"Reiteramos nuestro llamamiento a un alto el fuego inmediato y a un acceso humanitario sin trabas. Todas las partes en conflicto tienen la estricta obligación legal y moral de acatar los principios del derecho internacional humanitario y a la humanidad elemental", dijeron la UE y la UA en un comunicado conjunto.
Tanto la comisaria europea de Igualdad, Preparación y Gestión de Crisis, Hadja Lahbib, como la comisaria de Salud, Asuntos Humanitarios y Desarrollo Social del bloque africano, la embajadora Amma Twum-Amoah, expresaron su preocupación por las consecuencias humanitarias que afectan a más de 605.000 personas en la ciudad de Al Obeid y zonas rurales circundantes.
Según datos de la UE y la UA, al menos 563.000 civiles "se encuentran atrapados" en Al Obeid, entre ellos unos 105.000 desplazados que ya huyeron de la violencia en otros lugares, aunque las autoridades sudanesas indicaron que la población se ha duplicado en los últimos meses y alcanza los 1,2 millones de personas.
Las comisarias de los bloques regionales reclamaron que los paramilitares de las Fuerzas de Apoyo Rápido (FAR) cesen de inmediato las operaciones militares en Al Obeid y sus alrededores que pongan en peligro a civiles.
"En primer lugar, un alto el fuego es esencial para evitar un mayor sufrimiento de la población civil y prevenir otra ola de desplazamientos.
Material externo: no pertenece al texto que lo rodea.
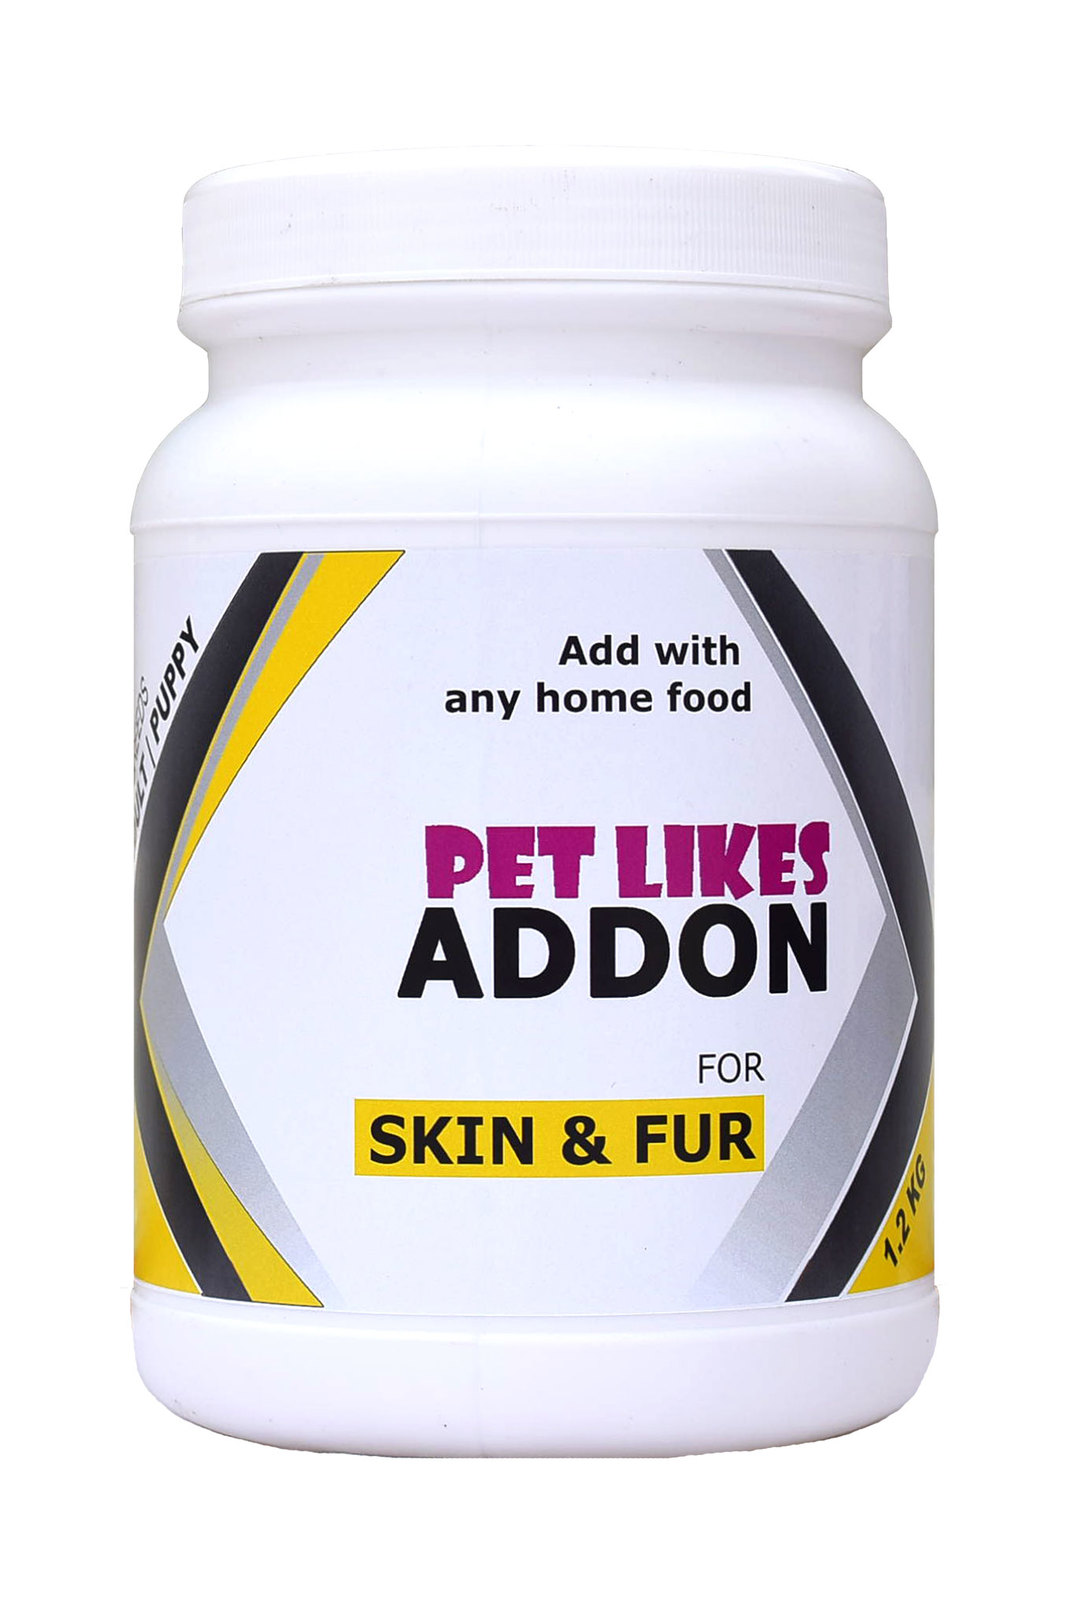 Pet Likes ADD ON Skin & Fur – 1.2 Kg. Dog Coat Shine In 4 Weeks

Segundo, debe garantizarse el acceso humanitario. Tercero, los responsables de las violaciones deben rendir cuentas. Los civiles no pueden seguir pagando el precio de la impunidad", enumeraron.
Lahbib y Twum-Amoah afirmaron que "son las partes en conflicto quienes deben hacer cumplir las normas de la guerra, convertirlas en realidad y salvar vidas".
Al Obeid es un centro neurálgico crucial para las operaciones de ayuda en todo Kordofán, y cualquier interrupción de las rutas de acceso cortaría una línea de asistencia humanitaria para cientos de miles de personas.
En las últimas semanas se han intensificado los ataques contra gasolineras y depósitos de combustible, zonas de mercado, instalaciones sanitarias, convoyes comerciales y barrios residenciales, infraestructuras civiles protegidas por el derecho internacional humanitario.
La ciudad es uno de los pocos lugares en manos del Ejército sudanés en Kordofán del Norte, además de ser estratégica porque conecta la capital, Jartum, y el centro del país con Darfur y alberga la 5ª División de Infantería, que funciona como centro logístico y militar.
Tanto el Ejército de Sudán como las FAR, enfrentados desde abril de 2023, han sido acusados por oenegés locales e internacionales de cometer atrocidades en las zonas bajo su control, así como de atacar con artillería o drones localidades e instalaciones civiles.
El conflicto en Sudán ha provocado la muerte de decenas de miles de personas -hasta 400.000, según estimaciones de Estados Unidos- y ha obligado a alrededor de 14 millones a abandonar sus hogares, convirtiendo al país africano en el escenario de la peor crisis de desplazamiento y hambre del mundo, de acuerdo con la ONU.